ISIP Flag Prediction
[0071] In one example, the disclosed systems and methods can enable
determination and prediction of various critical values used in
drilling and completion operations (e.g., hydraulic fracturing
practices), such as instantaneous shut-in pressure (ISIP). ISIP is
commonly used to determine, among other measures, minimum principal
stress in a downhole environment. Minimum principal stress can, in
turn, be used to determine treatment, fracturing, and other various
stage pressure values. ISIP is generally defined as a final
injection pressure value minus a pressure drop due to friction
within the wellbore and/or perforations of a slotted liner.
[0072] FIG. 7 depicts a plot 700 of a set of data channels TP 702,
SR 704, CV 706, and PC 708 which may be used by a machine learning
model trained to determine ISIP values to produce predictions
(e.g., flags) of pressure values correlated to an ISIP event. FIG.
8 depicts a plot 800 including an ISIP flag 808 identified by a
trained machine learning model and based on values for TP 802, SR
804, and PC 806.
[0073] In order to determine ISIP values, preprocessing, model
training, refining, selection, and model application may be
performed in sequence, as discussed above. In some examples, method
200 discussed above is performed to train multiple machine learning
models including a neural network and a trained classifier (e.g., a
logistic regression model, a LASSO regularization model, or a
combination of the two as discussed above) to generate ISIP event
flags. In particular, once a start time and an end time have been
chosen (e.g., a start and end time index list has been extracted),
further processing can generate a predicted ISIP. The further
processing may include filtering out data from the start index,
selecting a sample time segment such as 45 seconds of treating
pressure data, outlier removal, further data clipping, regression,
and then ISIP value prediction.
[0074] FIG. 9 depicts a system environment 900 which may be used to
generate event flags, such as the ISIP flags discussed above.
Additionally, system 900 may perform method 200, in whole or in
part, to generate various event flags, such as start times, end
times, etc. System environment 900 may be implemented as an onsite
or remote server architecture. In some examples, system environment
900 may be distributed across a cloud hosted service or services,
or the like.
[0075] System 900 includes an event prediction system 902 which is
communicably coupled to a data store 906 and/or a well site 904. In
some examples, data store 906 and/or well site 904 may be
co-located to event prediction system 902. In some examples, data
store 906 and/or well site 904 may be accessed by event prediction
system 902 over a network such as a local area network (LAN),
virtual private network (VPN), wide area network (WAN), the
Internet, etc.
[0076] Event prediction system 902 may receive well data from well
site 904 or data store 906. Generally, data store 906 stores
historical data from, for example, well site 904 and the stored
historical data may be used to train a machine learning model
according to the systems and methods disclosed herein.

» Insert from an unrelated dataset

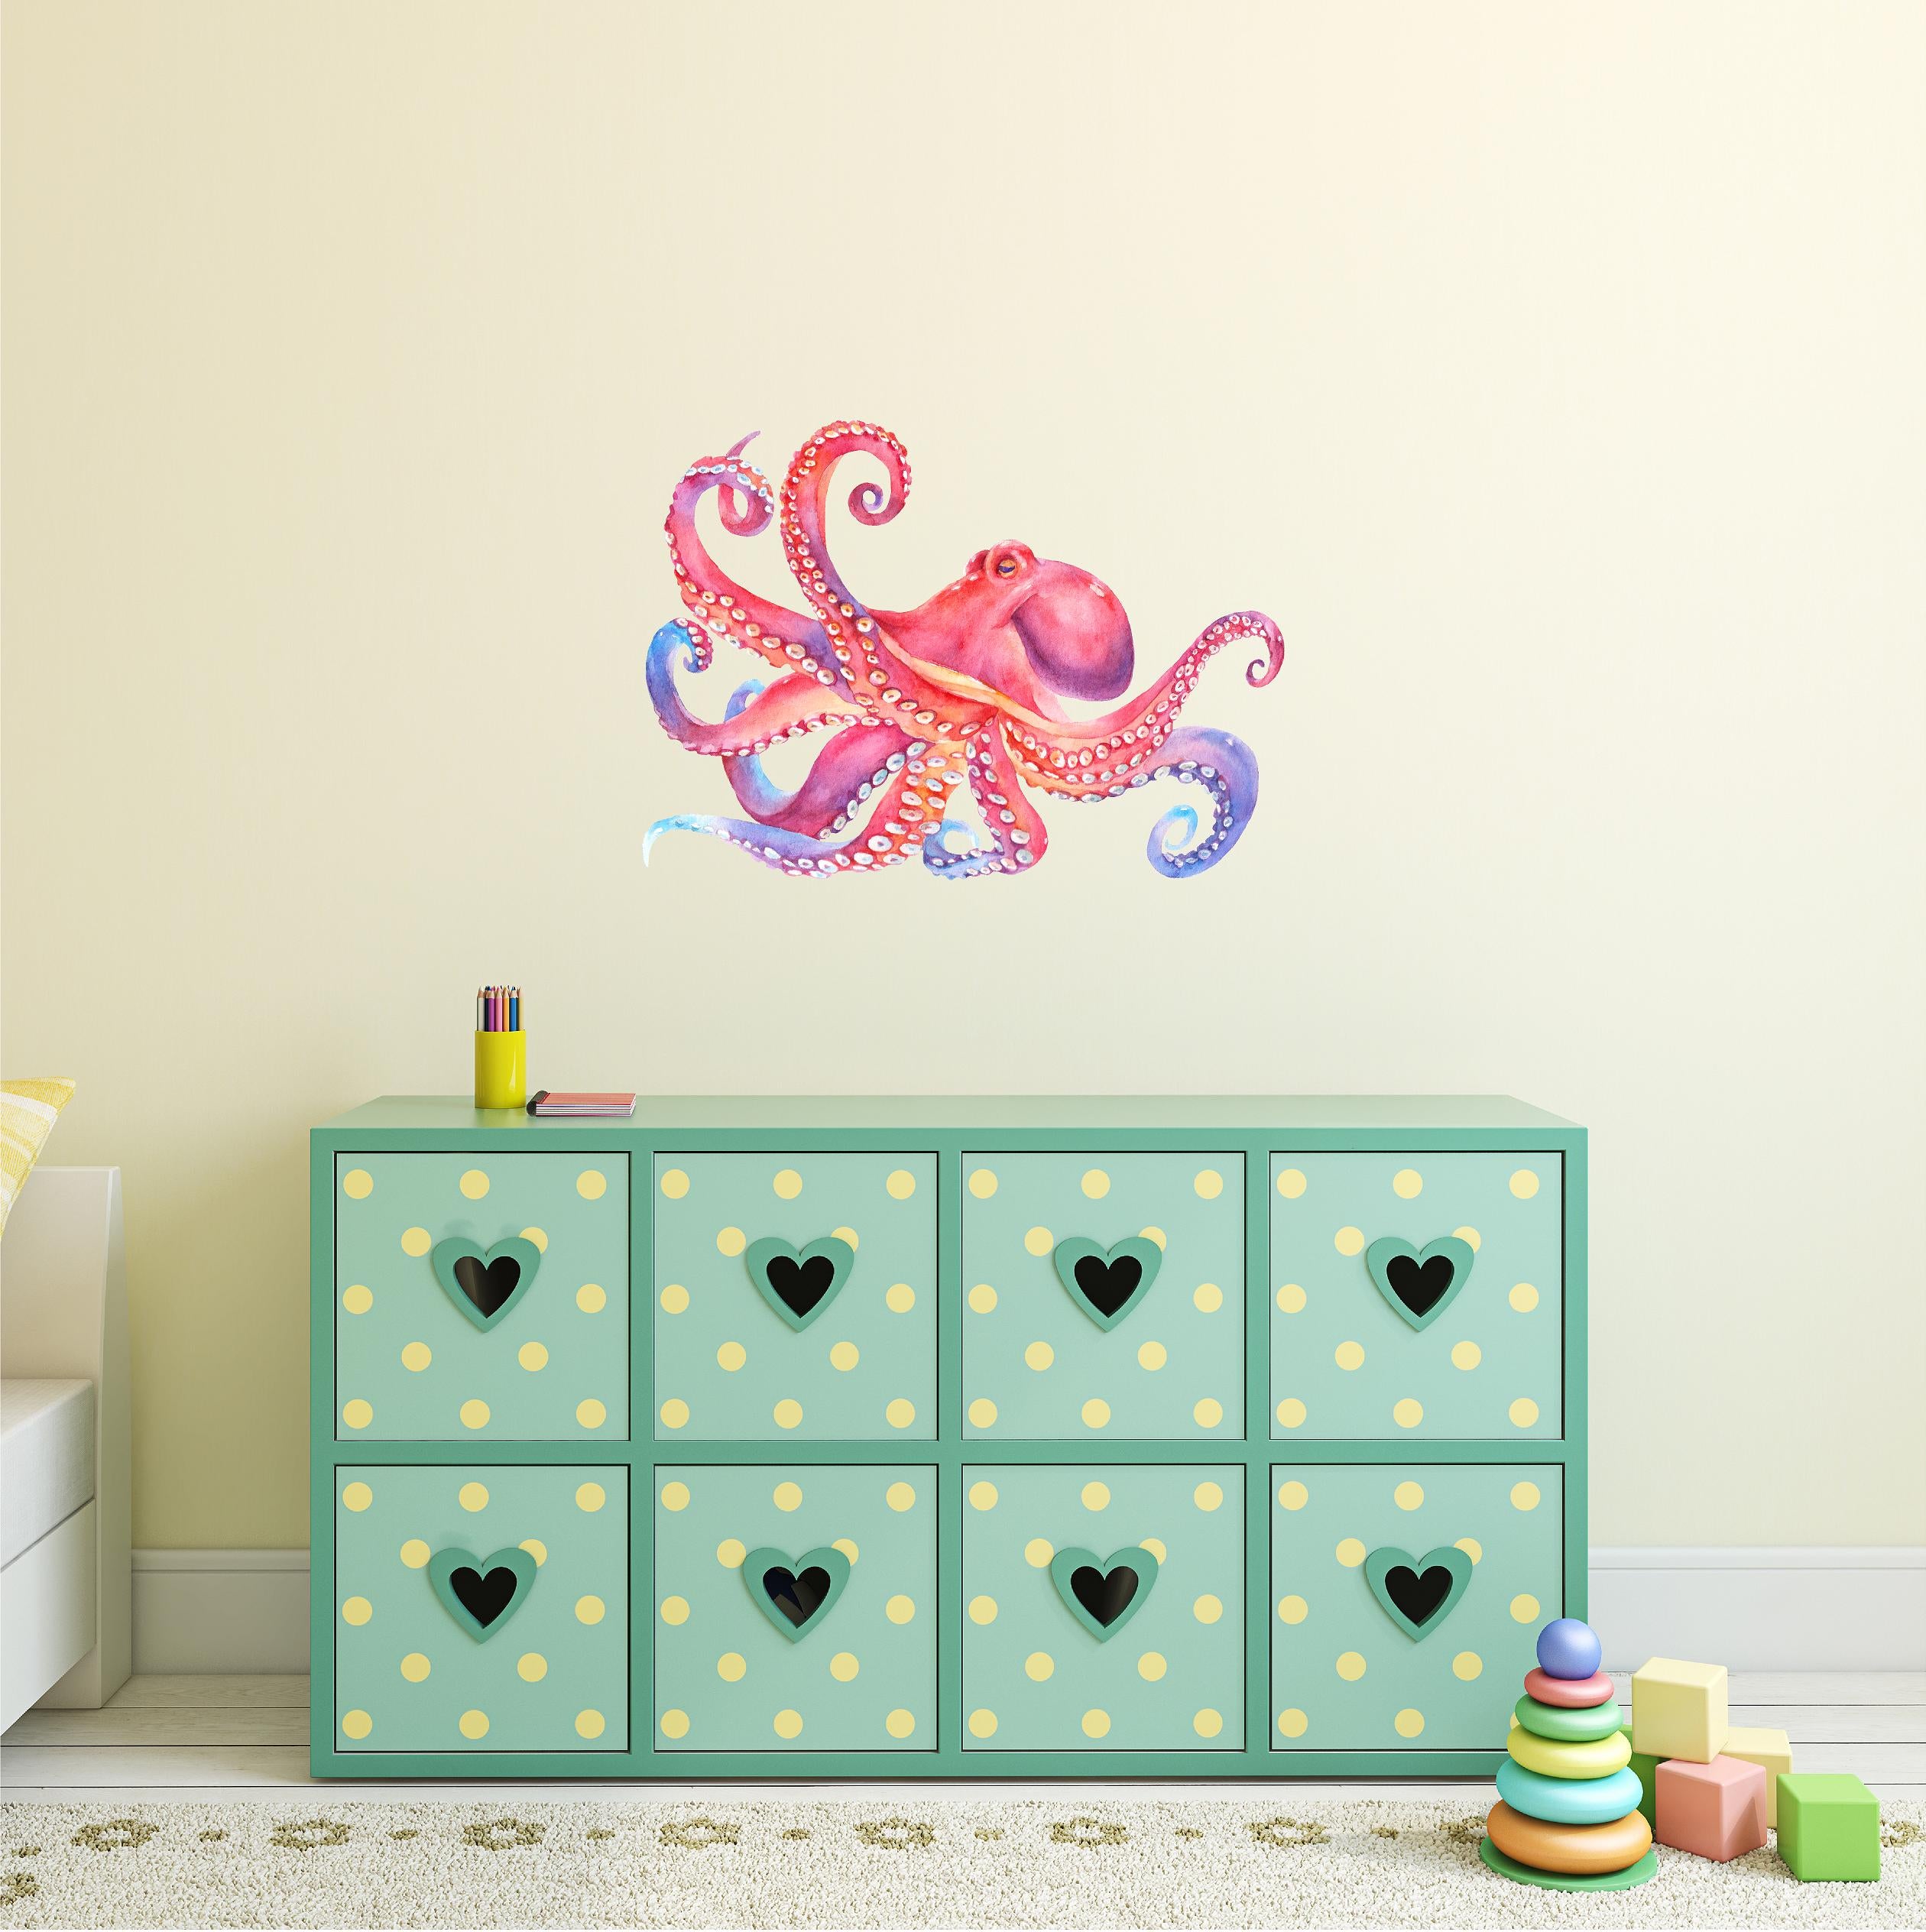 Watercolor Octopus #5 Wall Decal Red Blue Octopus Wall Sticker Removable Fabric Vinyl | DecalBaby

Nevertheless, data retrieval process 908 may provide the received
well data to a data pre-processor 910 and/or a data filter 914.
Where the received data is directly from a well environment, data
filter 914 receives the data for generating new event flags with a
trained machine learning model. In comparison, where the received
data is from data store 906, data pre-processor 910 may receive the
data to be prepared and used in training a machine learning
model.
[0077] Data pre-processor 910 applies transformations to the data
and may perform various other processes on the data in order to
clean, prune, smooth, standardize, scale, etc. the data for
improved use in training the machine learning model. For example,
data pre-processor 910 may perform appropriate operations by method
200 discussed above to generate pre-processed data for a stage
selector 912.
[0078] Stage selector 912 determines stages (e.g., portions of the
pre-processed data) with which to train a machine learning model.
For example, where event prediction system 902 uses a trained
machine learning model to identify start and stop times of stages,
the respective stages may be identified by stage selector 912 and
associated pre-processed data may be provided to downstream
processes. Likewise, where a machine learning model is trained to
identify ISIP, or other events, stage selector 912 may identify
particular stage data for training the machine learning model where
identifying said events includes consideration of well stages.
[0079] Nevertheless, the pre-processed data is portioned according
to stage selector 912 and then provided to a model training process
918. Here, model training process 918 is depicted as training a
neural network 924, but it will be understood that model training
process 918 may train various machine learning models such as
logistic regressions, Markov models, Bayesian networks, etc.
[0080] Model training process 918 includes a trainer 920 and a
validator 922 which may iteratively train, validate, and, if
necessary, retrain or further train neural network 924 as discussed
above. In particular, trainer 920 may use a designated and
appropriately pre-processed portion of the data to update model
weights (e.g., via back propagation, equilibrium propagation, etc.)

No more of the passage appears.